The embedSlideBySessionID() method return a string that serves as an identifier for the generated viewport. Use this identifier to subsequently define a style for your viewport:


// actually embed slide
// the second element in the list corresponds to the viewport ID
String viewport = UI.embedSlideBySessionID("http://localhost:54001/", slide, sessionID).get(1);
out.println("<style type=\"text/css\">\n" + 
"#" + viewport + "{\n" 
      + "width: 500px;\n" 
      + "height: 500px;\n"
      + "border: 2px dashed green;\n" 
      + "}\n" 
+ "</style>");

The result is now a 500 x 500 fixed square (with a dashed border) that doesn’t change as your modify the browser window:


You can have as many viewports on a single page as you want; each is automatically assigned a new ID, and so you can set separate layout for each one.

Working with galleries

What if you have a collection of slides and you want to present an overview of these (browsing through slide filenames is tiring and confusing). You could already combine the code we have in this post so far and request thumbnails for a list of a slides found in a directory, subsequently rendering selected slides in a viewport.

But what if you have 50 slides in the folder? Do you really want to handle the scrolling, just-in-time rendering of initially hidden thumbnails etc.?

Pretty early on in our Pathomation career we found ourselves facing the same problems. We re-invented our own wheel a couple of times, after which we figured it was round enough to encapsulate in a piece of re-usable code.

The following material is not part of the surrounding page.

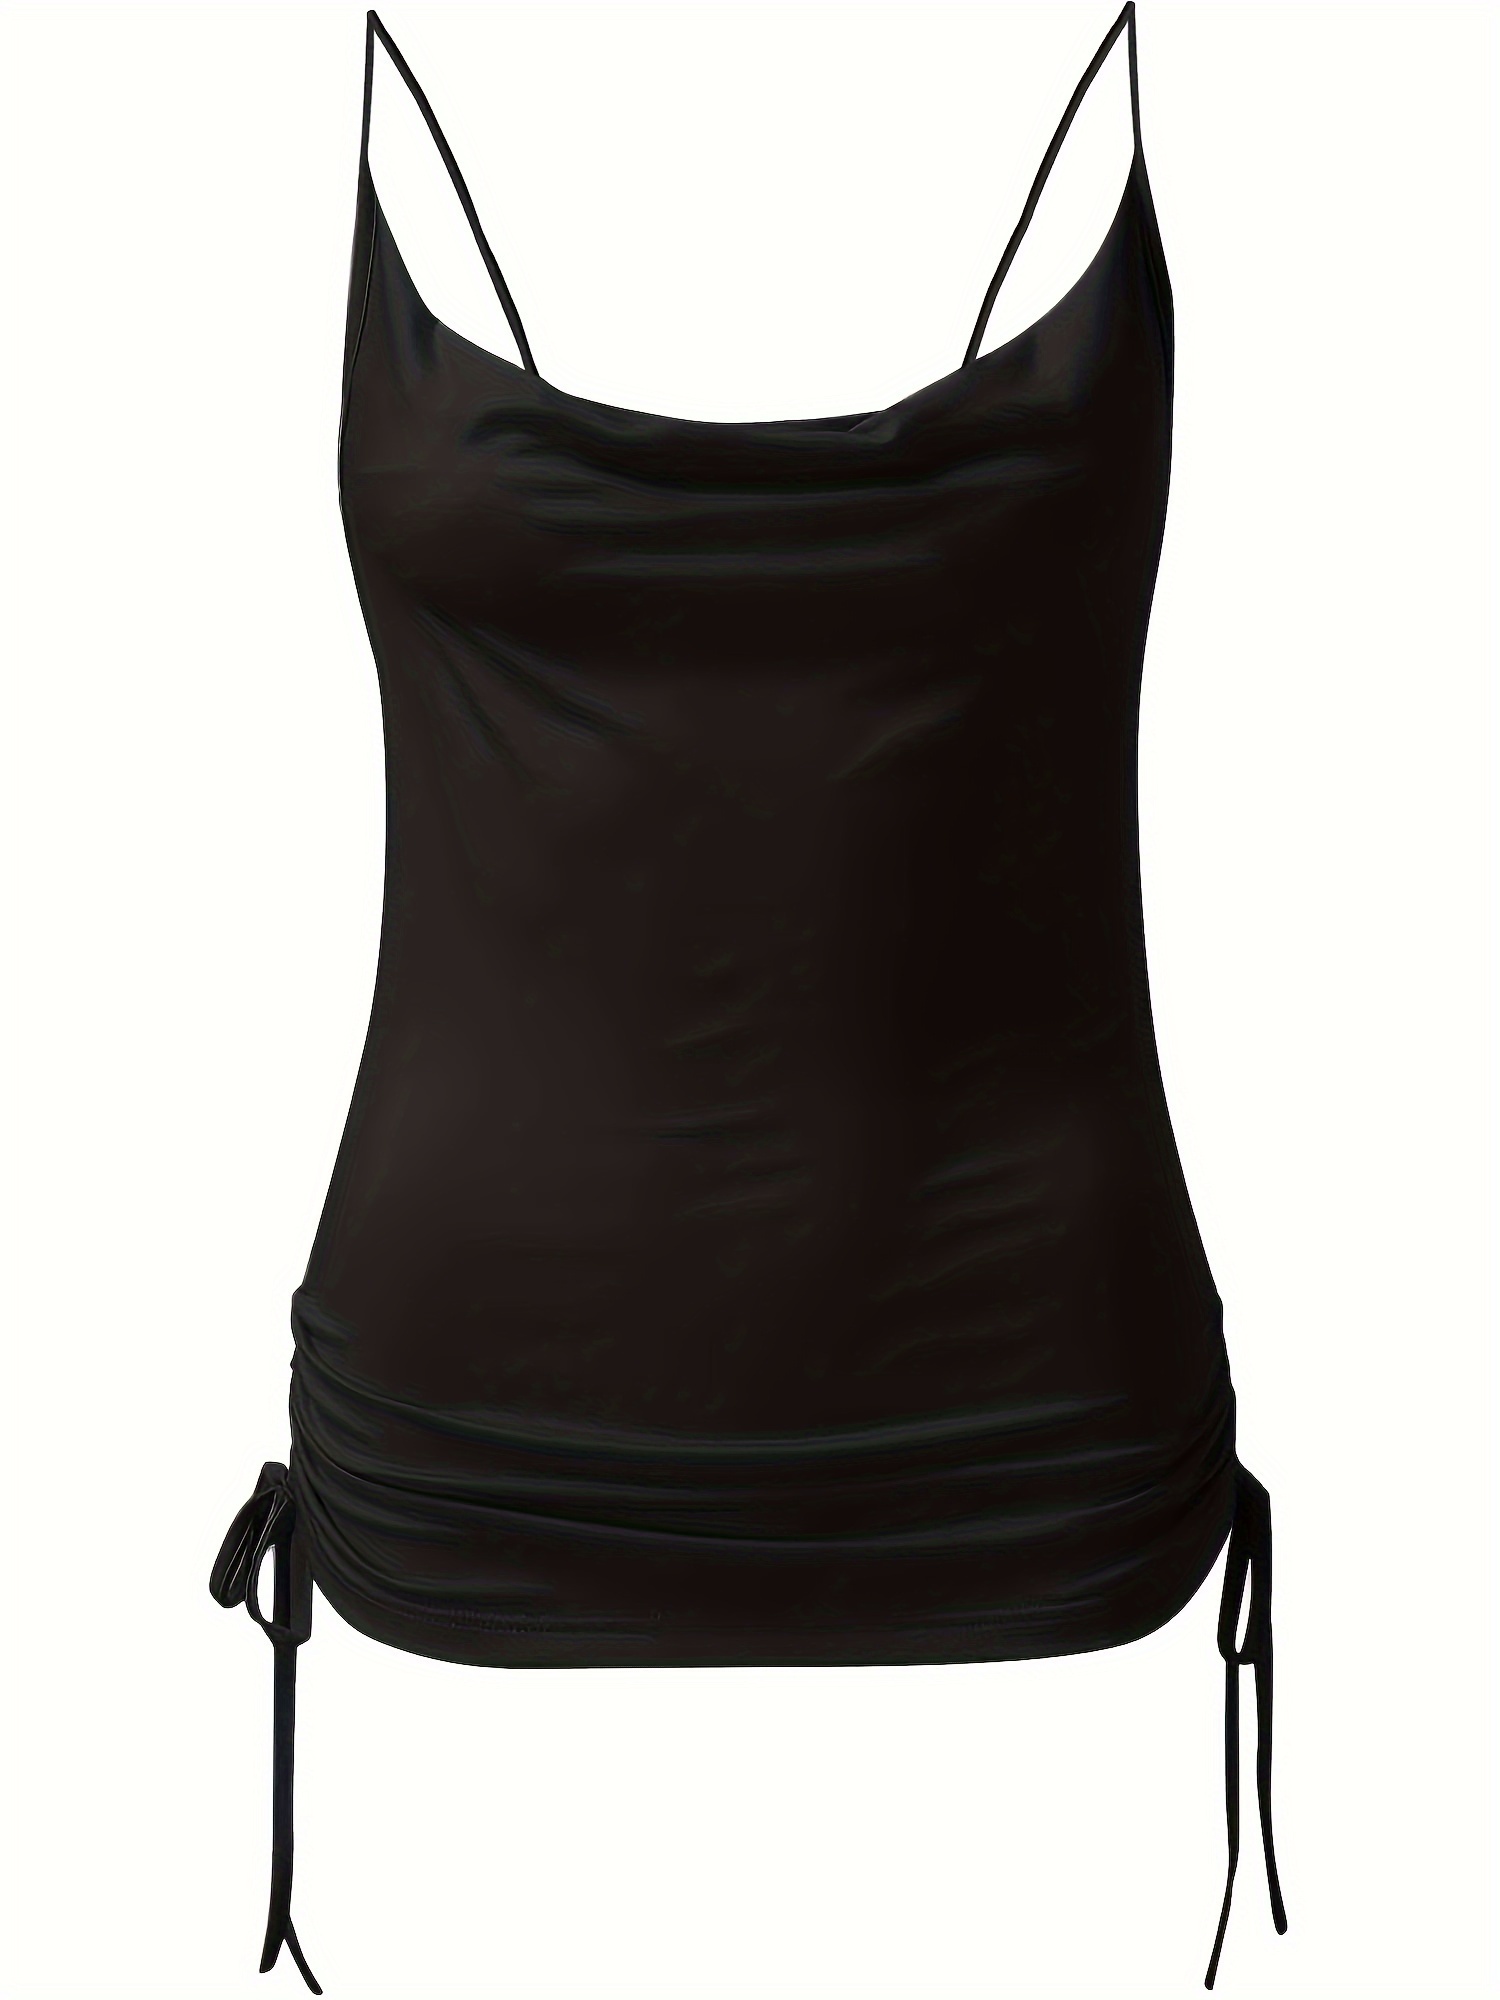 Sleeveless Tank-Top for Women Backless Camisole Strap Party Tops

You guessed it: the UI class provides a way to generate galleries, too. At its simplest implementation, only one line of code is needed (setup not included):


import java.io.IOException;
import java.util.List;

import javax.servlet.ServletException;
import javax.servlet.ServletOutputStream;
import javax.servlet.http.HttpServlet;
import javax.servlet.http.HttpServletRequest;
import javax.servlet.http.HttpServletResponse;

import com.pathomation.Core;
import com.pathomation.UI.UI;

public class Test extends HttpServlet {

   private static final long serialVersionUID = 1L;

   @Override
   protected void doGet(HttpServletRequest request, HttpServletResponse response)
         throws ServletException, IOException {

             ServletOutputStream out = response.getOutputStream();
             String sessionID = Core.connect();
             out.println("<p>" + sessionID + "</p>\n");
             
             UI.pmaUIJavascriptPath = UI.pmaStartUIJavascriptPath;

             List<String> results = UI.embedGalleryBySessionID("http://localhost:54001/",
             "C:/my_slides", sessionID);
             // the first element in the list contains the generated front end code
             out.println(results.get(0));        
   }

   @Override
   protected void doPost(HttpServletRequest request, HttpServletResponse response)
         throws ServletException, IOException {
      this.doGet(request, response);
   }
}

You’ll notice that you can select slides in the gallery, but they’re not particularly reactive. For that, you’ll need to instruct PMA.UI to provide a viewport as well. When a slide is clicked in the gallery, the slide is then shown in the viewport:

out.println(UI.linkGalleryToViewport(gallery, "viewer"));

 

The default orientation of a gallery is “horizontal”, but you can set it to a vertical layout, too:


List<String> results = UI.embedGalleryBySessionID("http://localhost:54001/", "C:/my_slides", sessionID,
      new HashMap<String, String>() {
         {
            put("mode", "vertical");
         }
      });
// the first element in the list contains the generated front end code
out.println(results.get(0));

In which you can build something that looks like this:

 

Try it!

You can build pretty complicated interfaces already this way. One possibly scheme e.g. is where you offer end-users the possibility to compare slides. You need two galleries and two viewports, and that goes like this:


List<String> results = UI.embedGalleryBySessionID("http://localhost:54001/", "C:/my_slides", sessionID);
List<String> results2 = UI.embedGalleryBySessionID("http://localhost:54001/", "C:/my_slides", sessionID);
try {
	out.println(
		 "<table width=\"100%\"><tr><th width=\"50%\">Slide 1</th><th "
		 + "width=\"50%\">Slide 2</th></tr><tr><td width=\"50%\" valign=\"top\">"
		 + results.get(0)
		 + "</td><td width=\"50%\" valign=\"top\">"
		 + results2.get(0)
		 + "</td></tr><tr><td width=\"50%\" valign=\"top\">"
		 + UI.linkGalleryToViewport(results.get(1), "viewerLeft")
		 + "</td><td width=\"50%\" valign=\"top\">"
		 + UI.linkGalleryToViewport(results2.get(1), "viewerRight")
		 + "</td></tr></table>");	
} catch (Exception e) {
	e.printStackTrace();
}

Under the hood

As demonstrated in this post through the Java SDK : simple single-line instructions in Java are translated in whole parts of JavaScript code. The UI class takes care of loading all the required libraries, and makes sure housekeeping is taken care of in case of multiple viewports, galleries, etc.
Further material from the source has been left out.